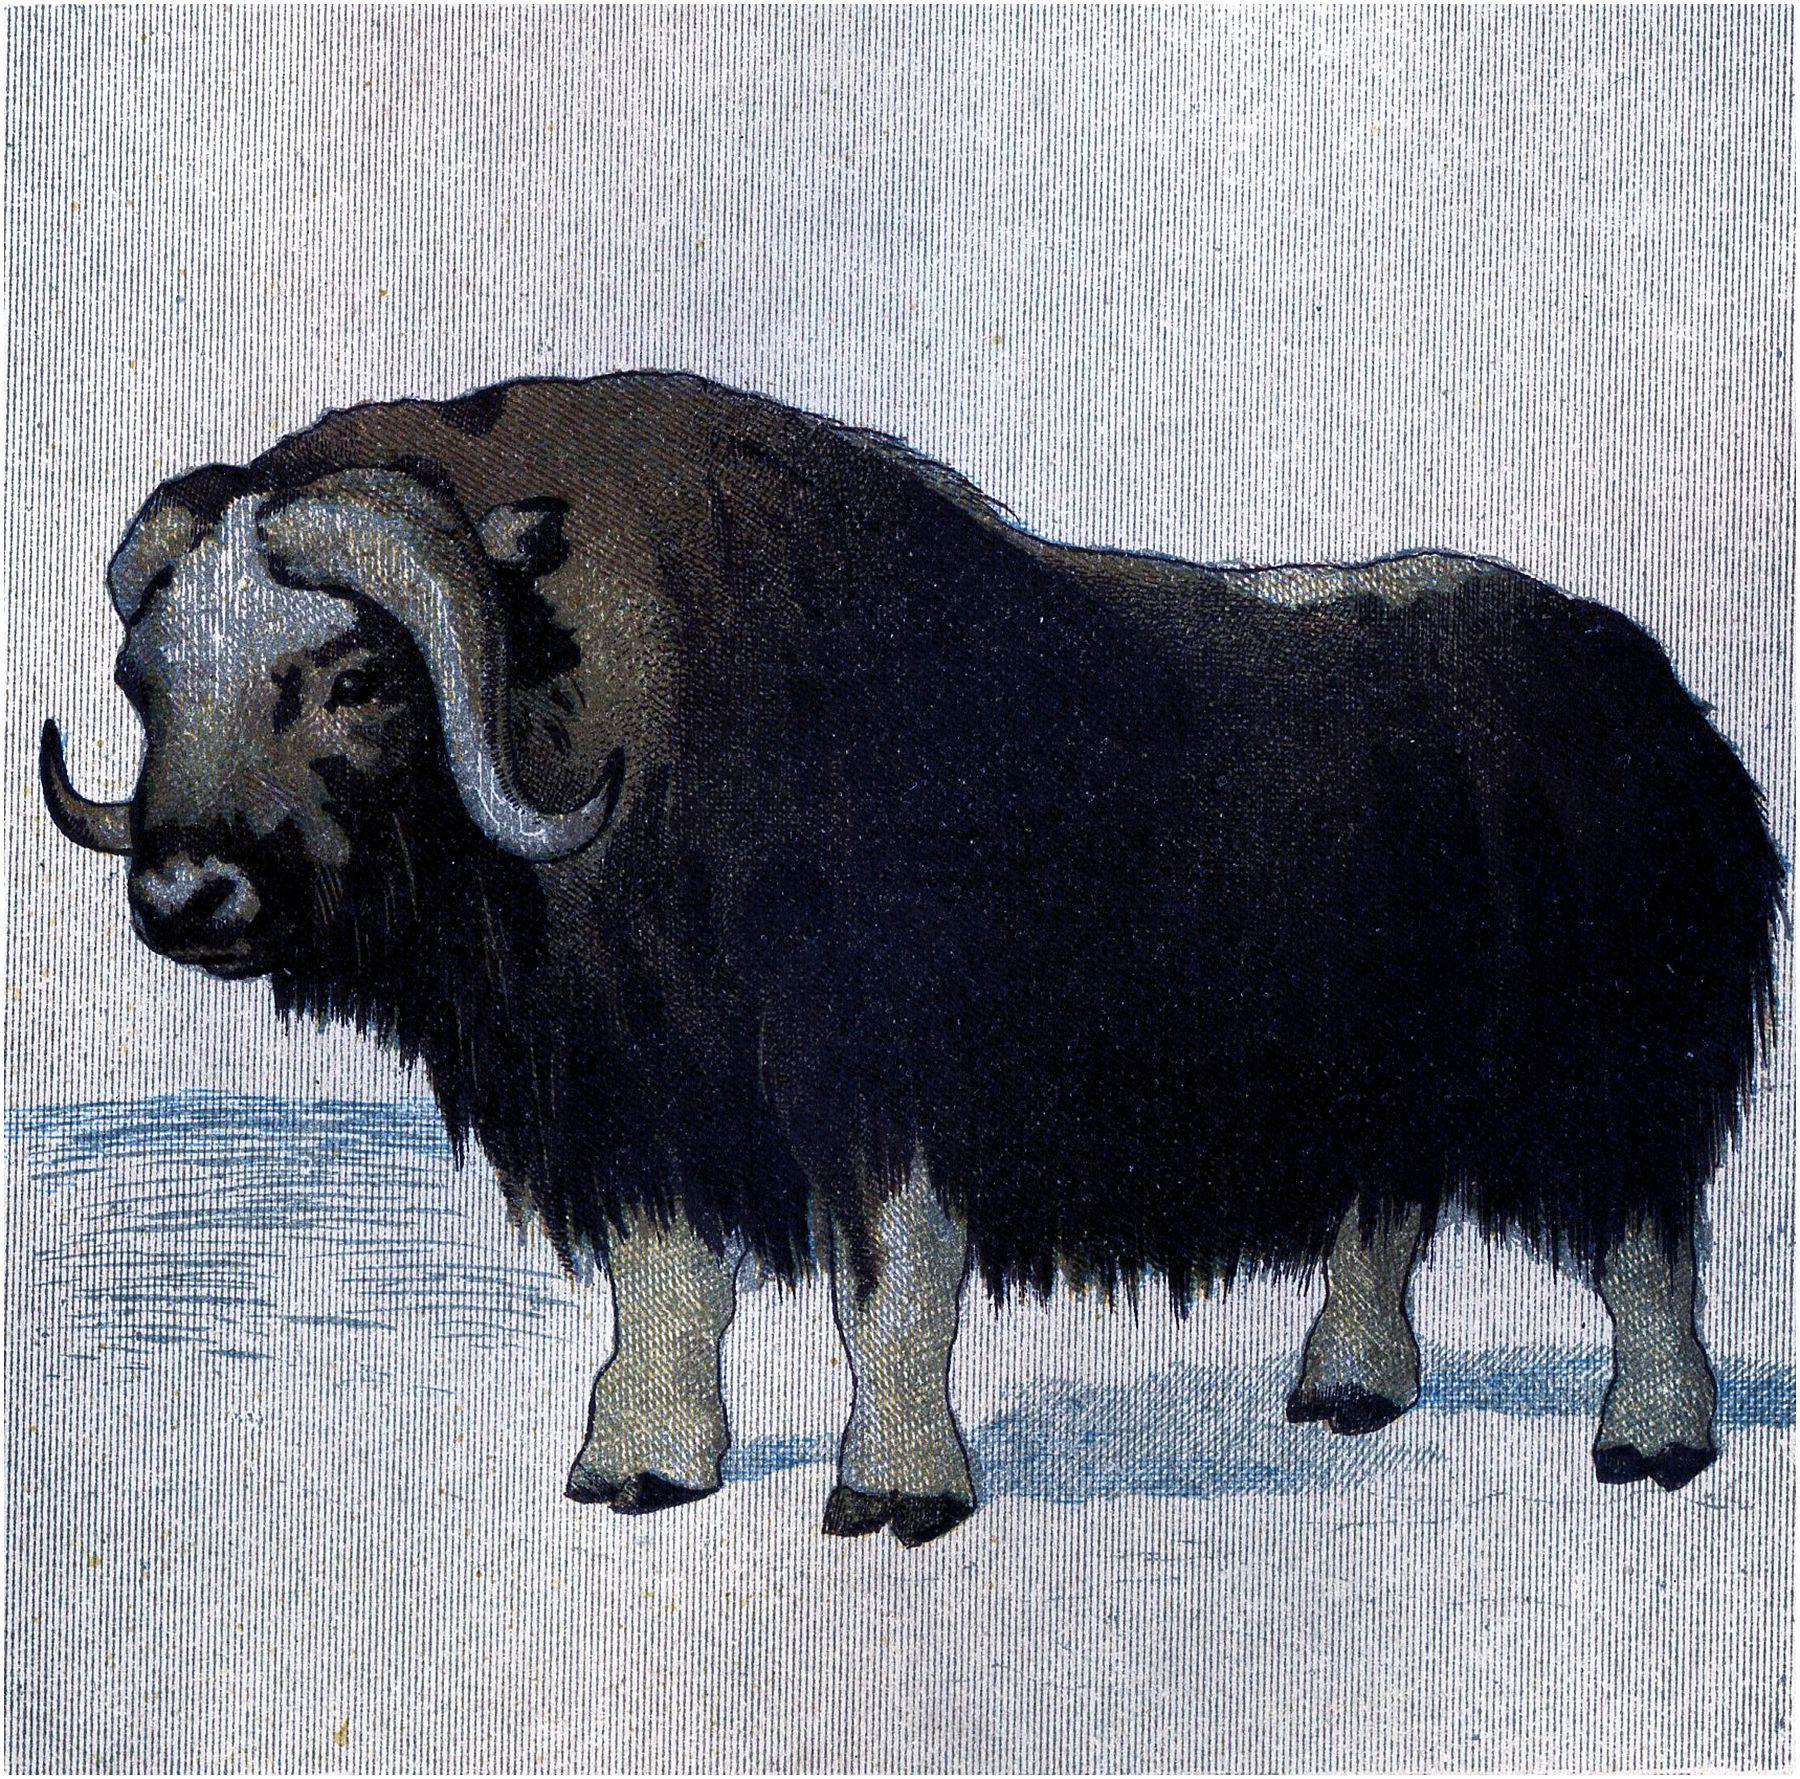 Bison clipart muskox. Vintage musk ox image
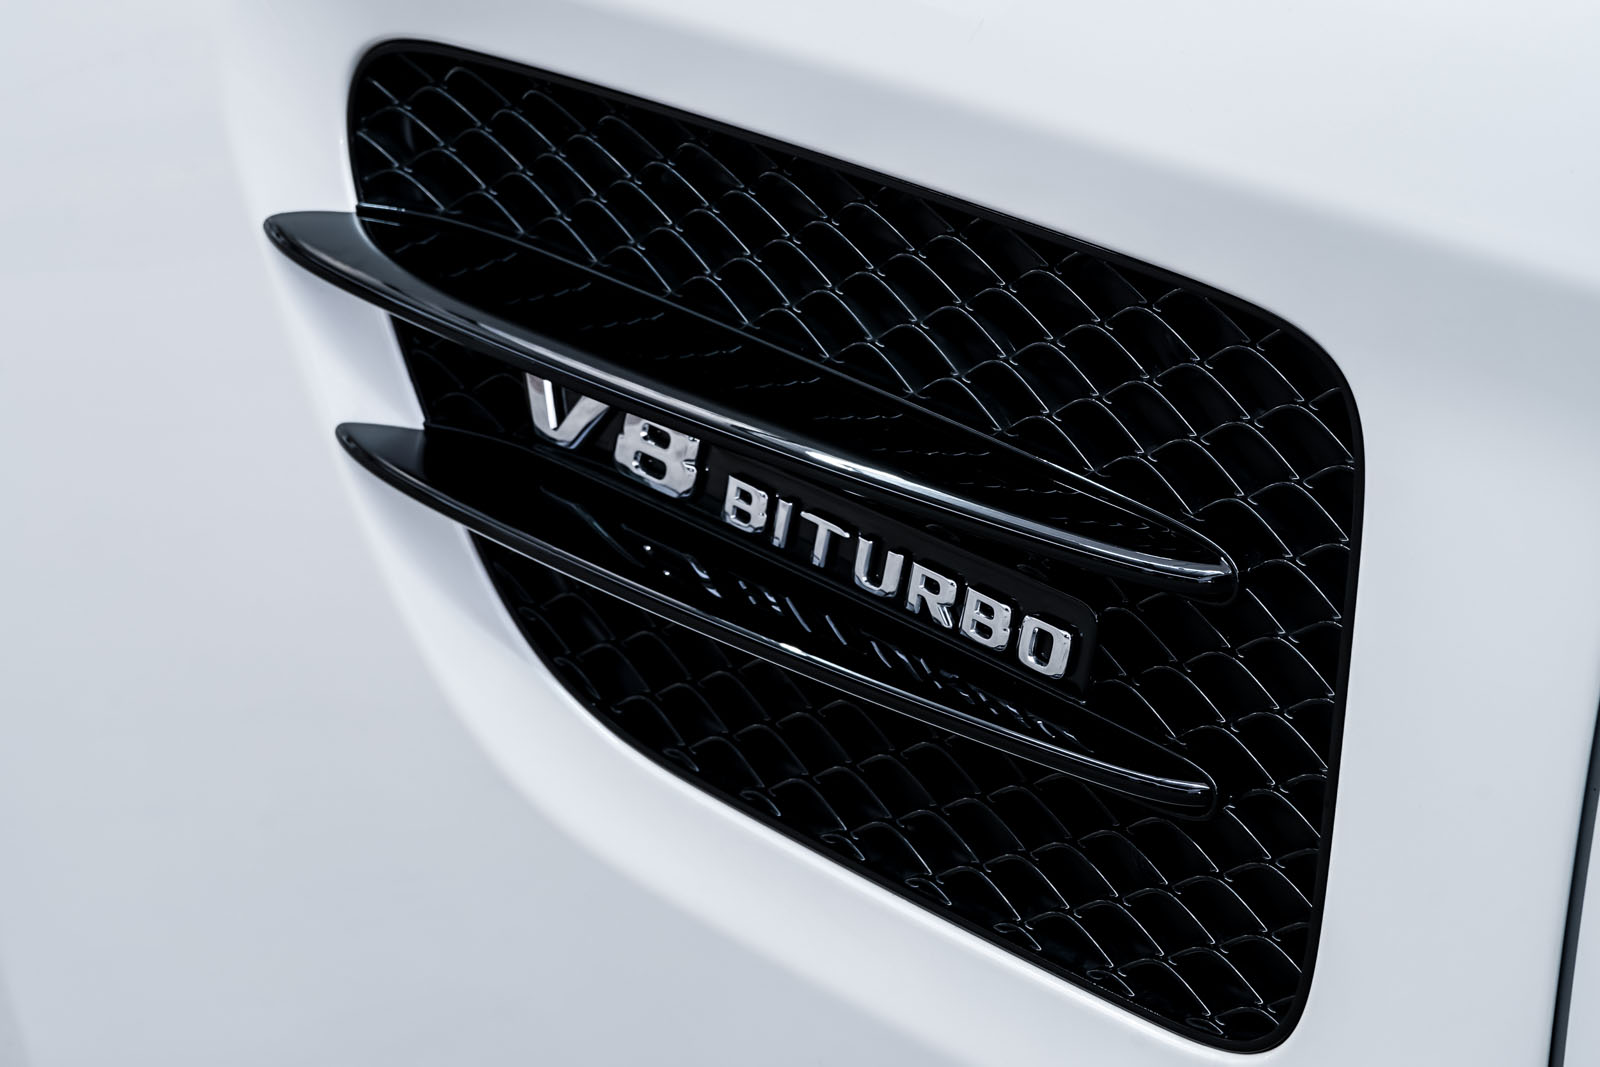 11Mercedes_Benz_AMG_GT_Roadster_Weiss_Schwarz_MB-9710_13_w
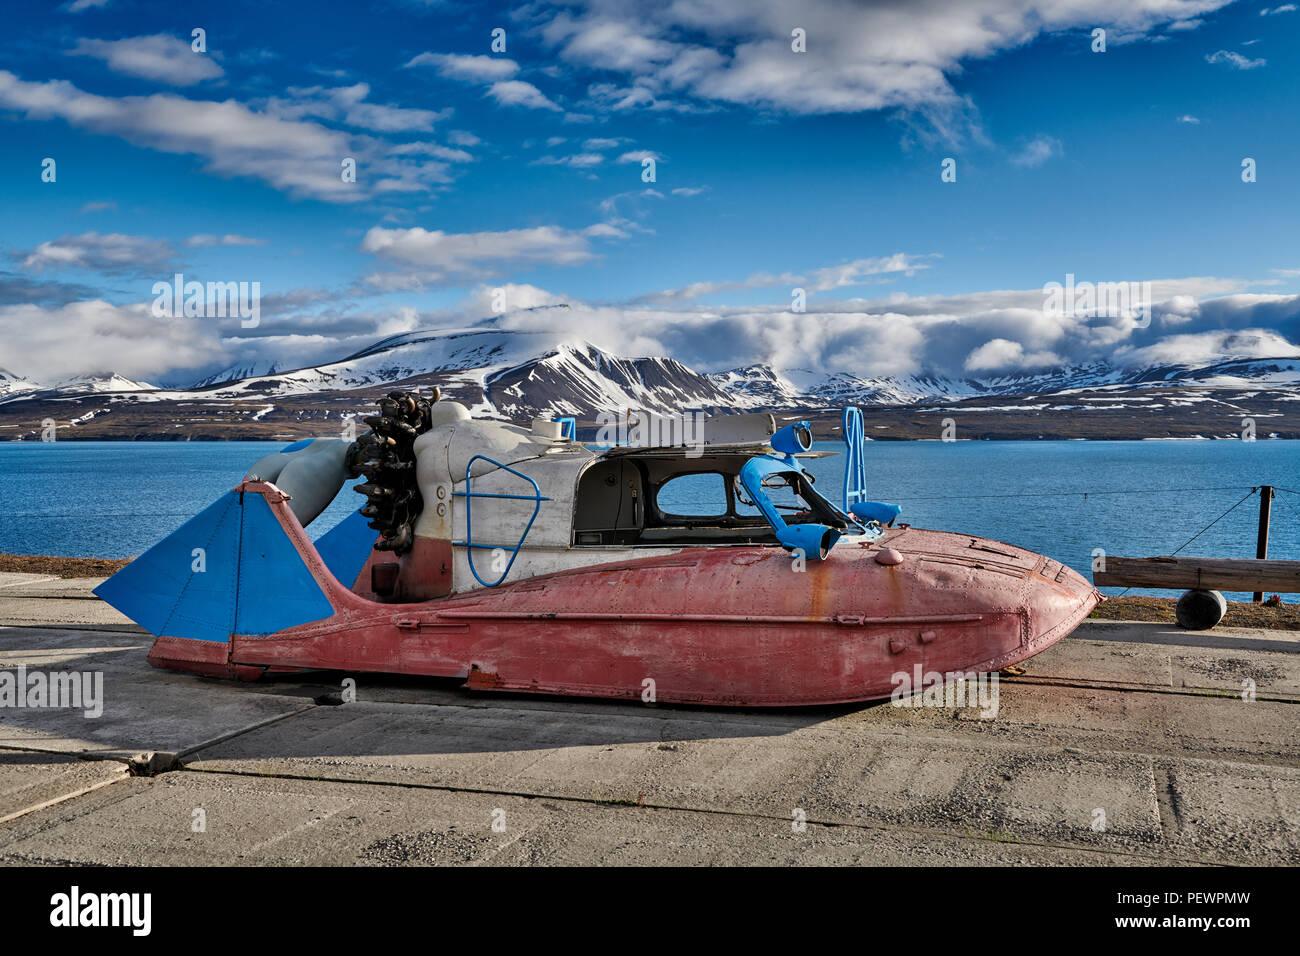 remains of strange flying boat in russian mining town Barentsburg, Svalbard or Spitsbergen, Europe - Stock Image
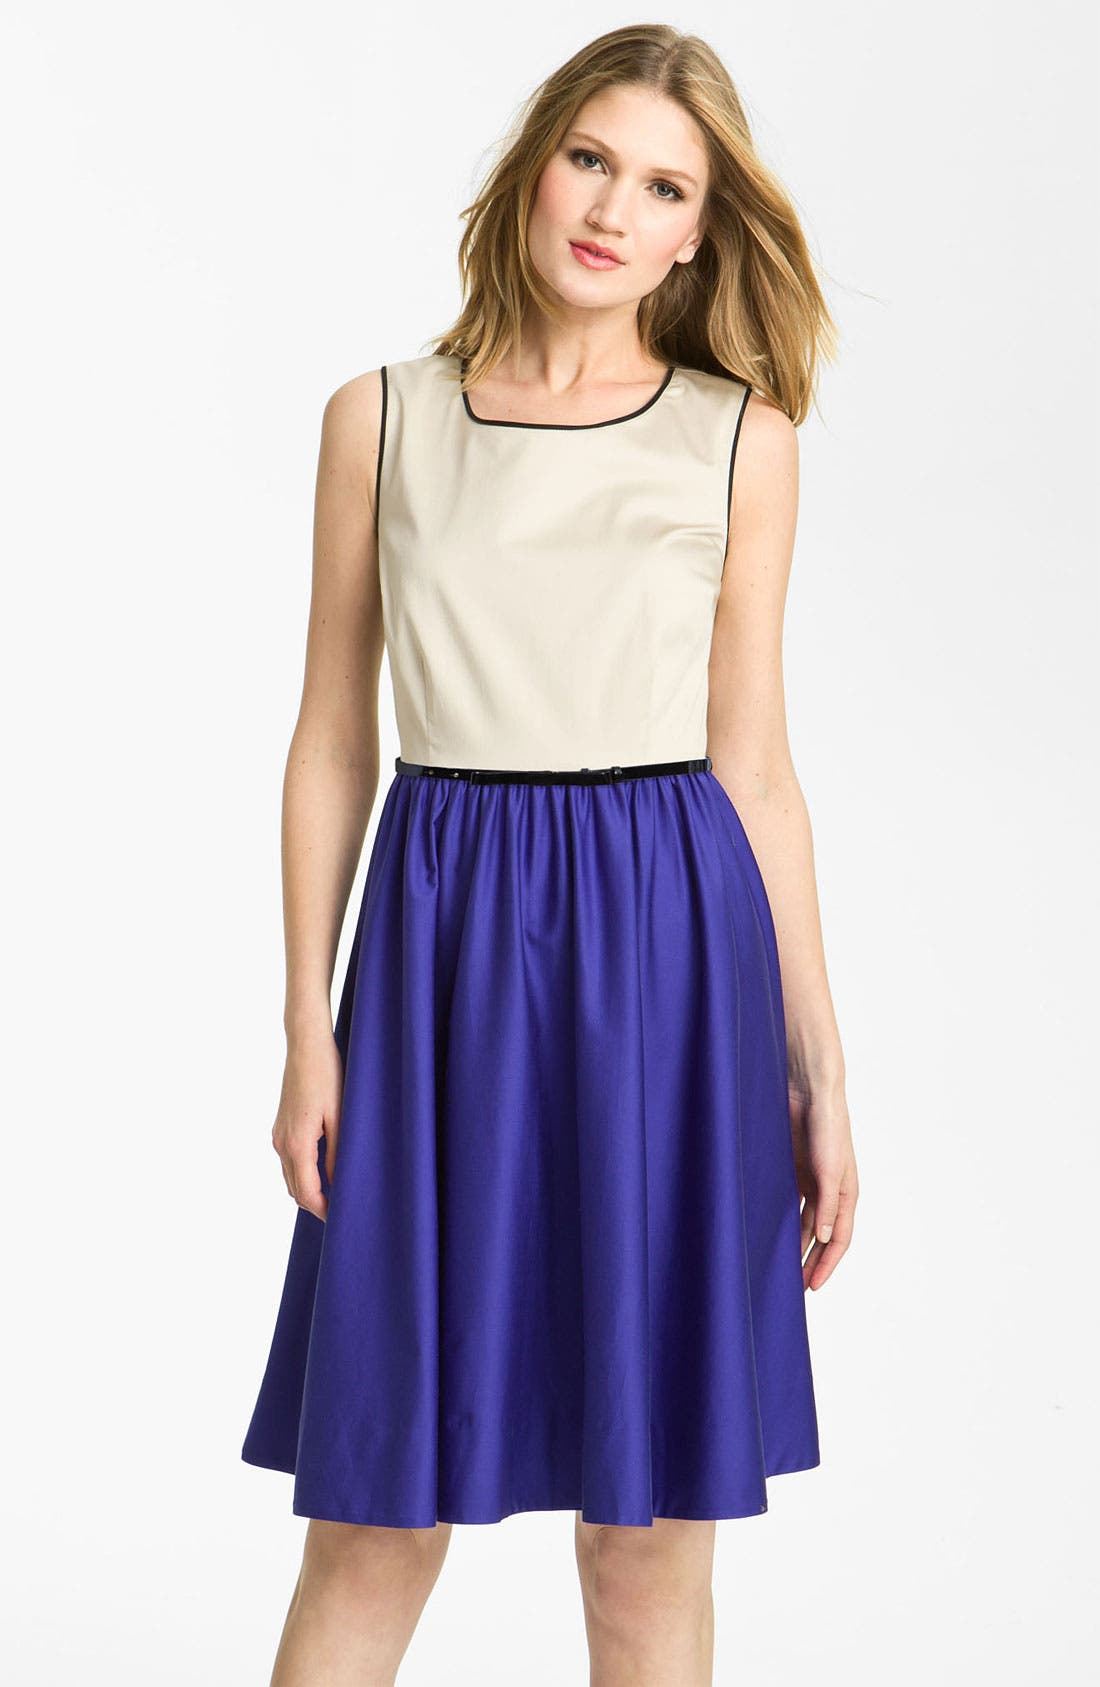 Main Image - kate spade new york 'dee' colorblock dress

• Instructions for the task
Reproduce the material above in full and without alteration, but skip all pictures.

• Task response
 Bison clipart muskox. Vintage musk ox image
 11Mercedes_Benz_AMG_GT_Roadster_Weiss_Schwarz_MB-9710_13_w
 remains of strange flying boat in russian mining town Barentsburg, Svalbard or Spitsbergen, Europe - Stock Image
 Main Image - kate spade new york 'dee' colorblock dress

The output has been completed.